松尾スズキの名作『マシーン日記』が来春、大根仁の演出で上演される。主演は、関ジャニ∞の横山裕。
Bunkamuraシアターコクーン芸術監督である松尾スズキが話題のクリエイターたちを指名し、過去の松尾作品を新演出で甦らせるシリーズの第2弾。指名されたのは『モテキ』などを送り出した映画監督で映像ディレクターの大根仁。大根は、ドラマ「演技者。」(03年)で一度『マシーン日記』の演出を手掛けている。
演出にあたって、大根は「長く仕事を続けていて、いまだに肩の凝りが取れない仕事っていうのがあるんですが、『マシーン日記』のドラマ版はその筆頭というか。松尾さんの頭の中に入る作業は本当に過酷なことでした。今回お声がけいただいて、一度解体して再構築した経験のあるこの作品だったらできるんじゃないかと思いました」。
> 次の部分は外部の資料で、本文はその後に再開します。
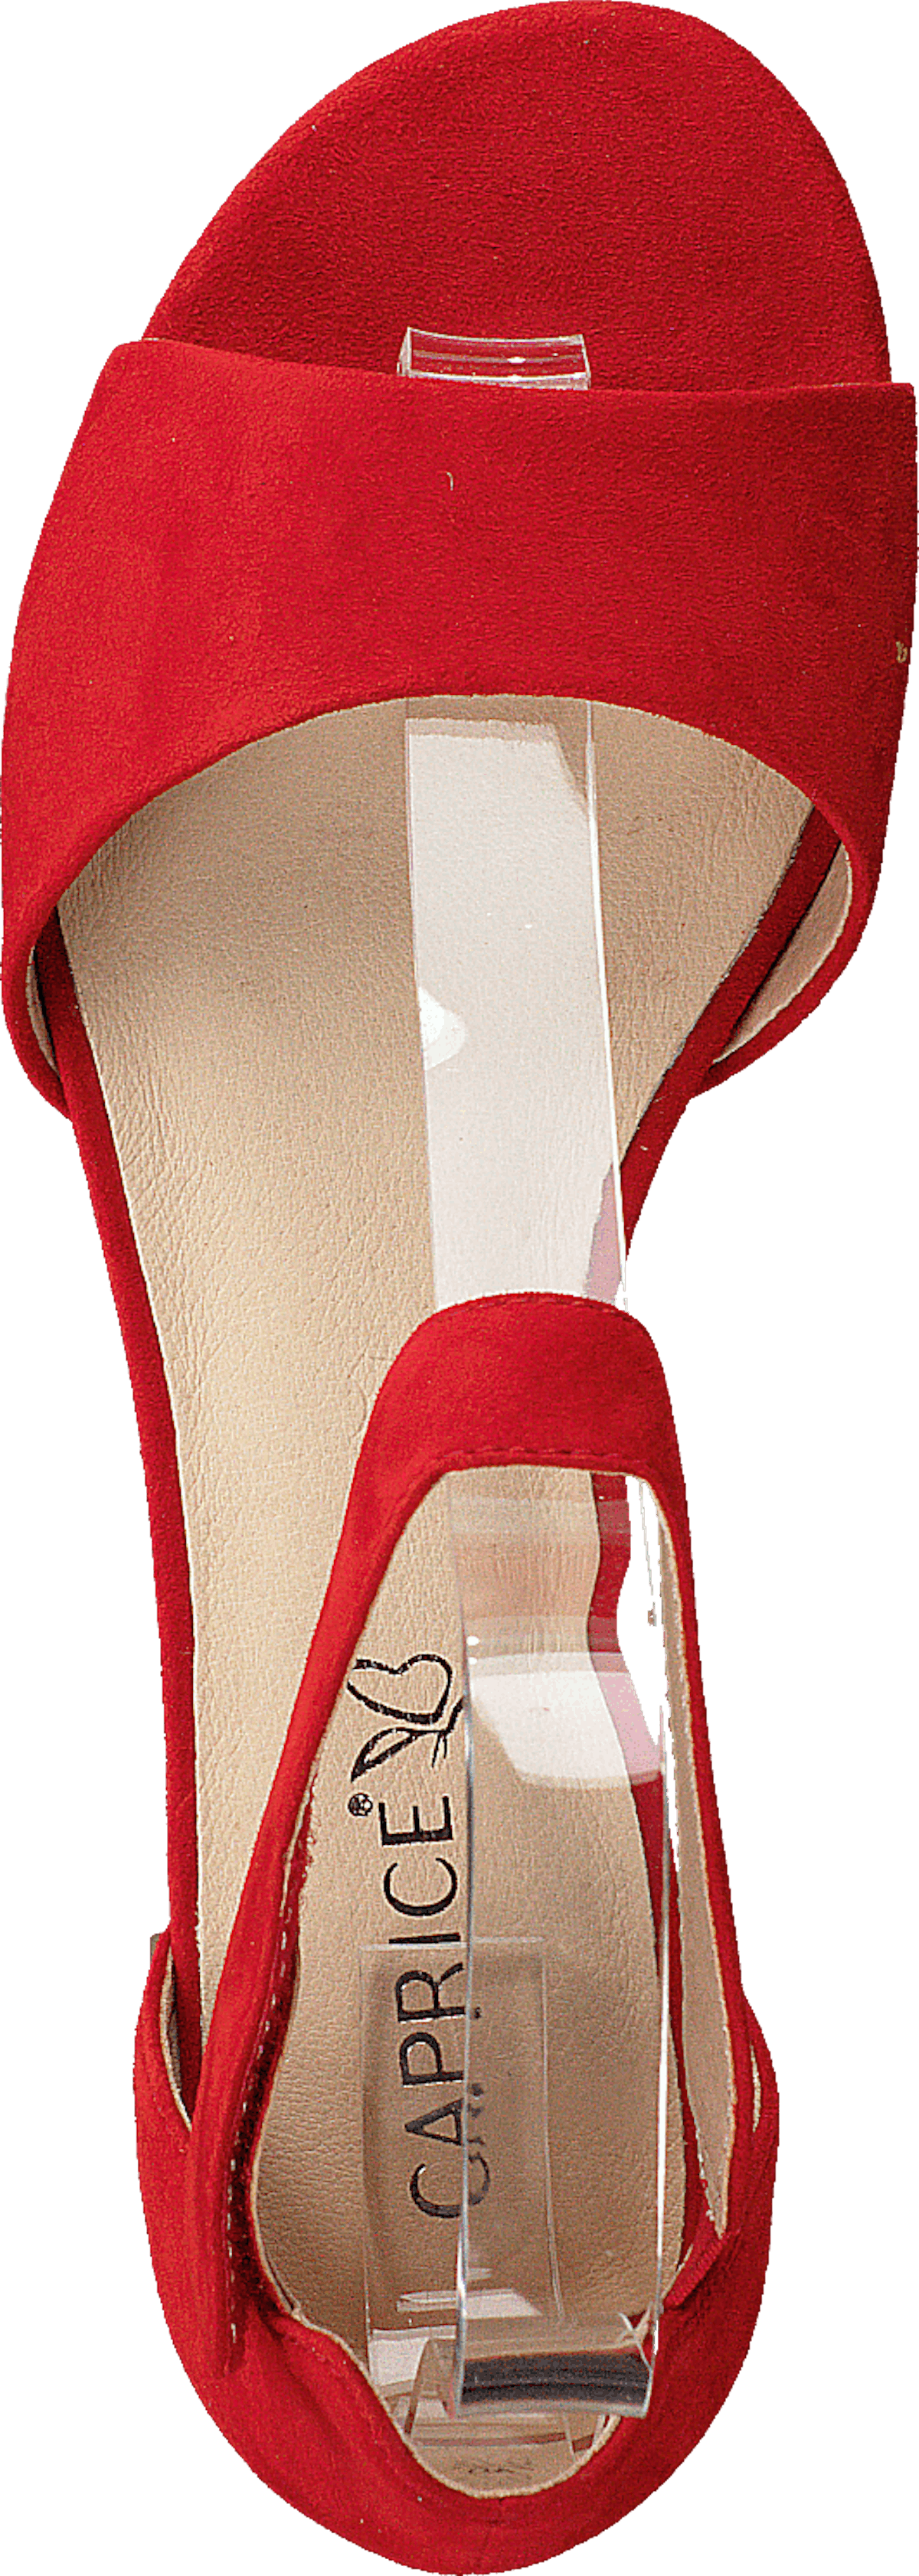 Carla Red Suede
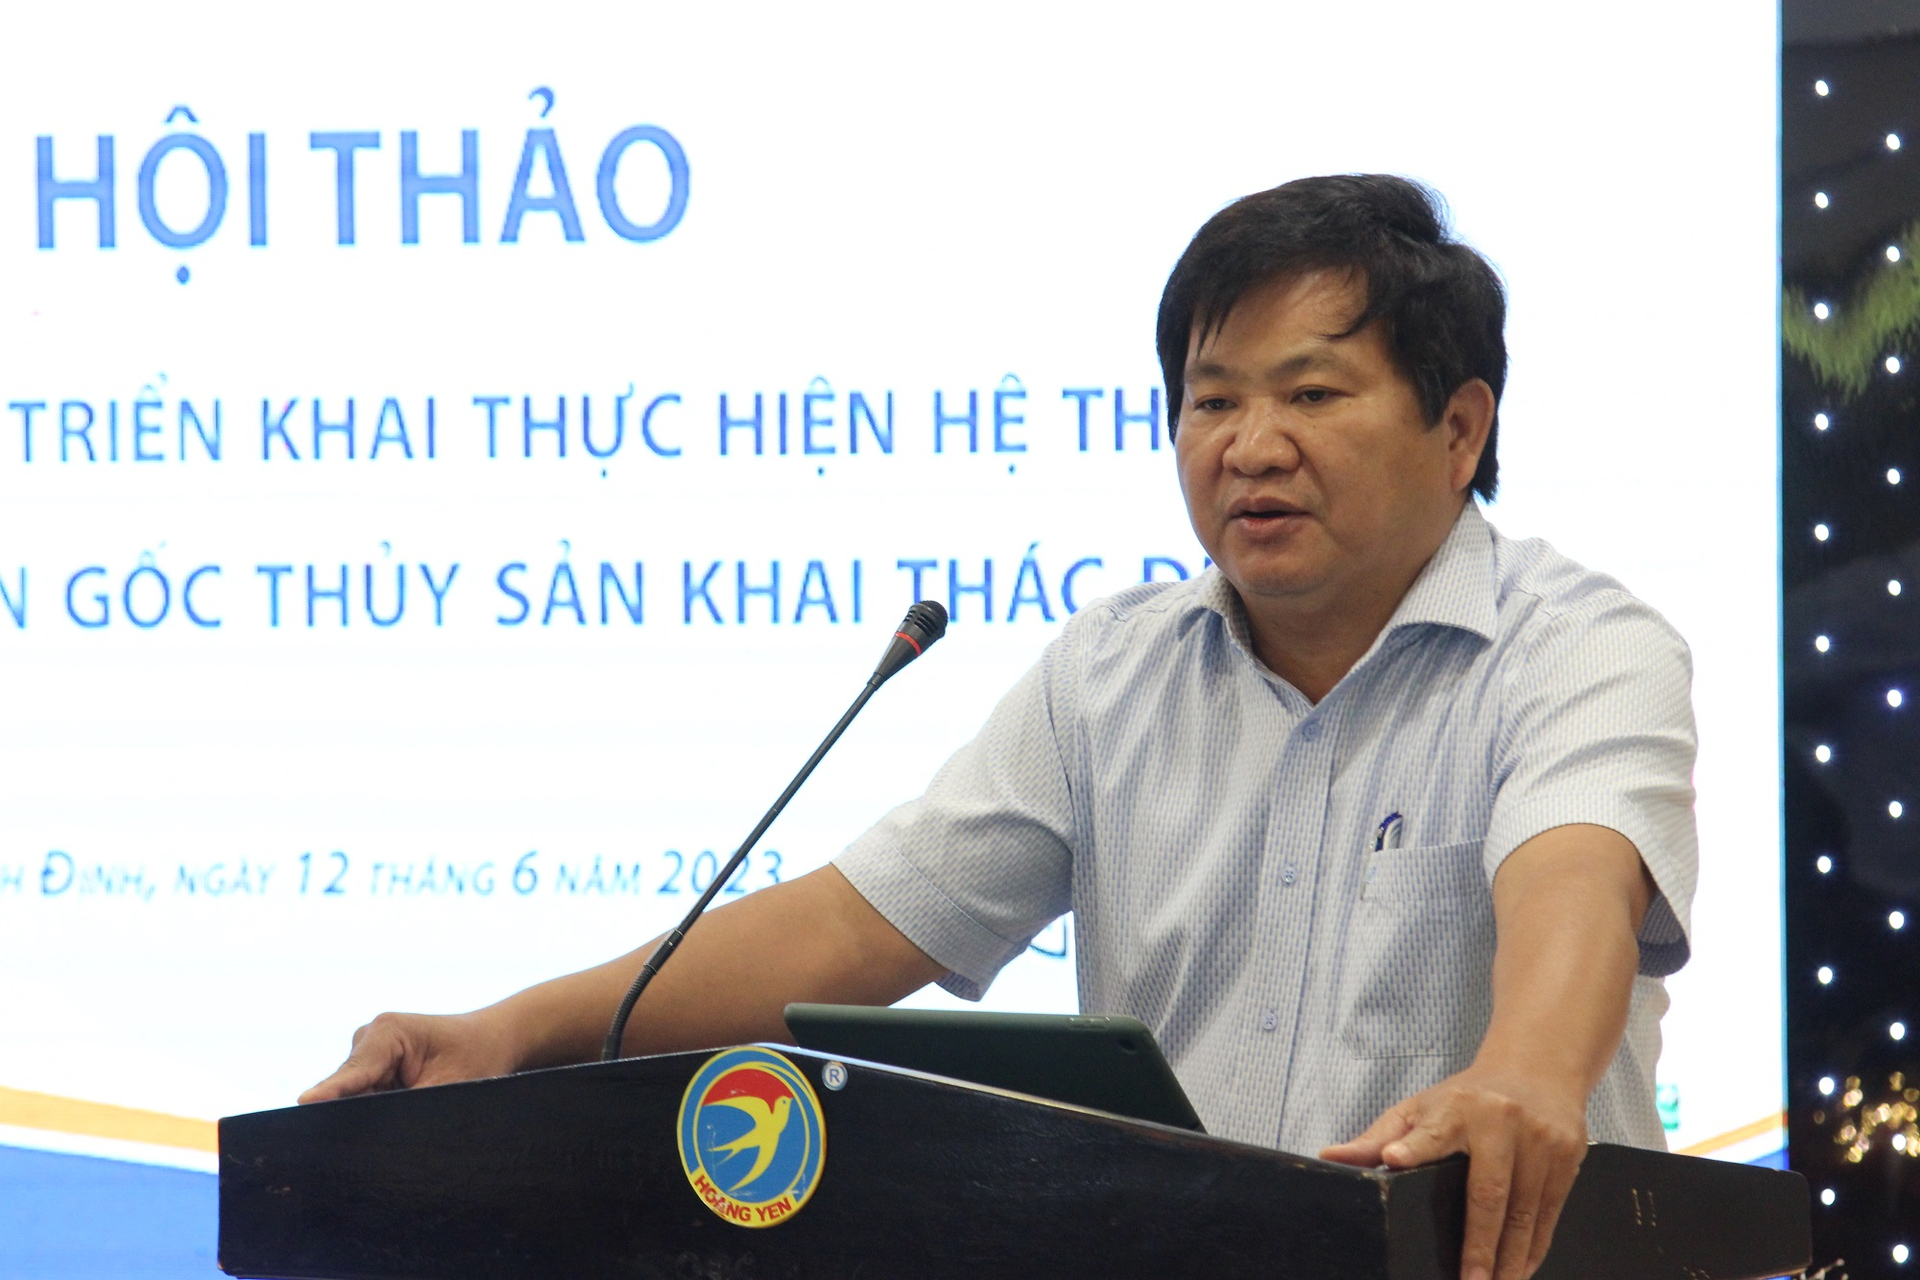 Mr. Tran Van Phuc, Director of Binh Dinh Department of Agriculture and Rural Development, at the workshop. Photo: V.D.T.

大根が主人公のミチオ役に選んだのが横山。最近のドラマを見て、「芝居がいいな、仕事したい」と引っかかっていたという。
横山は本作について「すごいです。ぶっ飛んでる。松尾さんのこの作品から、人を惹きつけるエネルギーをとても感じています。数々の映像を手掛けられてきた大根さんが、演出家として 舞台でどう攻めるのか楽しみです」。そのうえで「僕は演劇畑の人間ではないですが、積み重ねてきた他の経験を強みにこの作品に挑みたいです。整然としたところに、異物が飛び込んできたとき、パニックのようになるのが面白かったりするじゃゃないですか? そんな予測不可能な感じになれたらと前向きに捉えています」と、やる気だ。
本作は、男女の四角関係を描く、愛憎劇。横山が演じるミチオは電気修理工。小さな町工場を経営する兄のアキトシに、町工場に隣接したプレハブ小屋に、訳あって監禁されている。兄の妻であるサチコはミチオに強姦されたという過去があり、未だ不倫関係にある。そんな中、工場に新しいパート従業員としてサチコの中学時代の担任ケイコがやって来て……。
兄アキトシを大倉孝二、その妻サチコを森川葵、ケイコを秋山菜津子が演じる。
松尾は「演出をお願いした大根くんが「これがいい」と選んだ演目です。キャストが4人だし、わかりやすいからですかね。彼はこの作品をドラマ化してくれたことがあるので、この芝居に流れる狂気みたいなものは、身体に落とし込んであると期待しています。横山さんの色気、大倉さんのギャグセン、秋山さんの説得力!あとは、森川さんが舞台でのたうちまわる姿が楽しみです。出だしの部分は再演するたび変わるので、アレンジを頭を悩ませているところです。ぜひ、演劇を、生の舞台を、楽しんでいただければと思います」とコメントしている。
東京公演は、2021年2月3~27日、Bunkamuraシアターコクーンで。京都公演は同3月5~15日で、ロームシアター京都 メインホールにて上演する。